I'm not asking you to forget my past with you. I'm asking you to see my past for what it really was with the information I'm giving you. I was born male body~ish - who knows if I'm intersex - and I was raised a boy despite me originally not wanting to be so; I tried my best to live as a man for you and society in general, but it ate me alive inside everyday of my entire life. Those final crossroads of do or die came and went, and I went on, but that meant coming out of my deep denial and self-hatred. I can't and won't hide from you the fact I am changing my biological sex from being male to female. My neurological sex now aligns with my physical (hormonal) sex.

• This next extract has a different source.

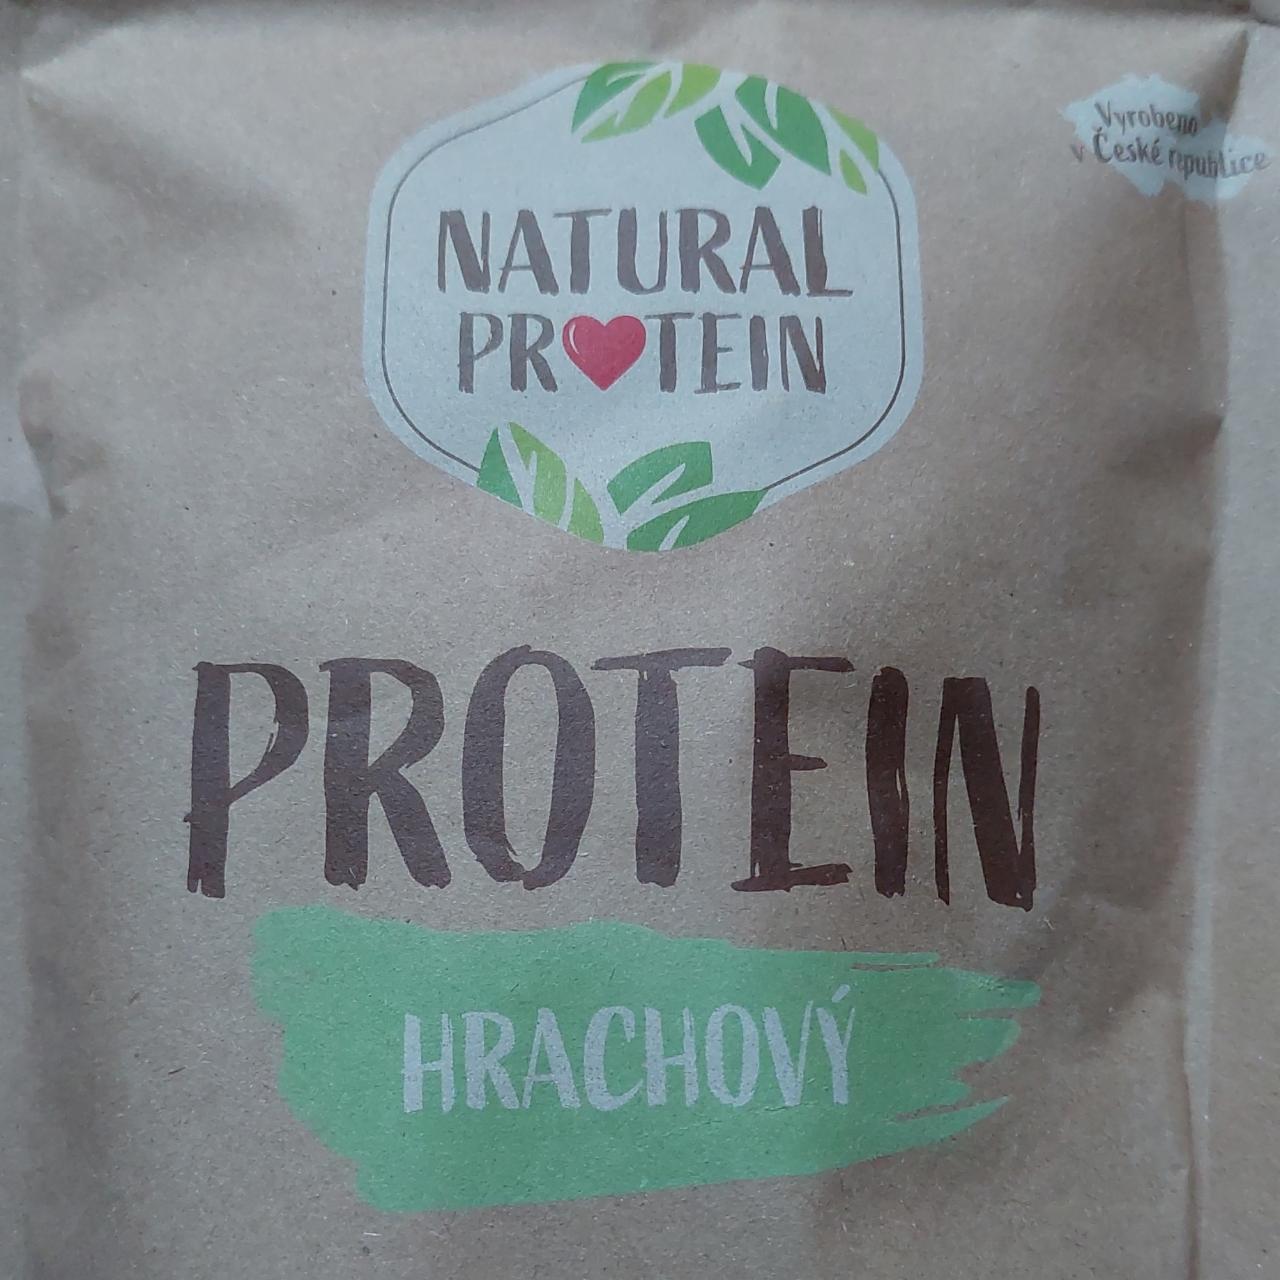 Fotografie - Protein hrachový Natural Protein

I've hid from you my entire life, because of the way I saw my kind treated by society when I was young, and often we're still treated poorly today. In the past, many of us, most of us probably, at this point in our lives where I am in transition would cut out everyone from our past - family and friends. We then would go on to live new lives with made up histories so that we would not be harassed, raped, tortured, or killed by society. Thankfully, the days when trans people had to hide among you have mostly passed, but that doesn't mean it is easy yet, because we're still getting harassed, raped, tortured and killed - with alarming statistics.


To really accept me and my community is more than lip service, more than a head node. It is when you see your good friend making transphobic comments, it means for you to step in and say, "that's not cool." It is to stand up to people who are bullying one of us. That's not easy to do, but neither is being us. And neither is being an ally. That said, those who want to carry badges of allies, of supporters, you actually do a disservice by saying so and then doing nothing. So if you see hate, please stand up against it.

There you go, lesson one. This is the most important information. This is the first information you should have been taught in school at an early age about all transgender/ transsexual people. It is the bare bones knowledge and the bare minimum human dignity to be given to us as fellow human beings.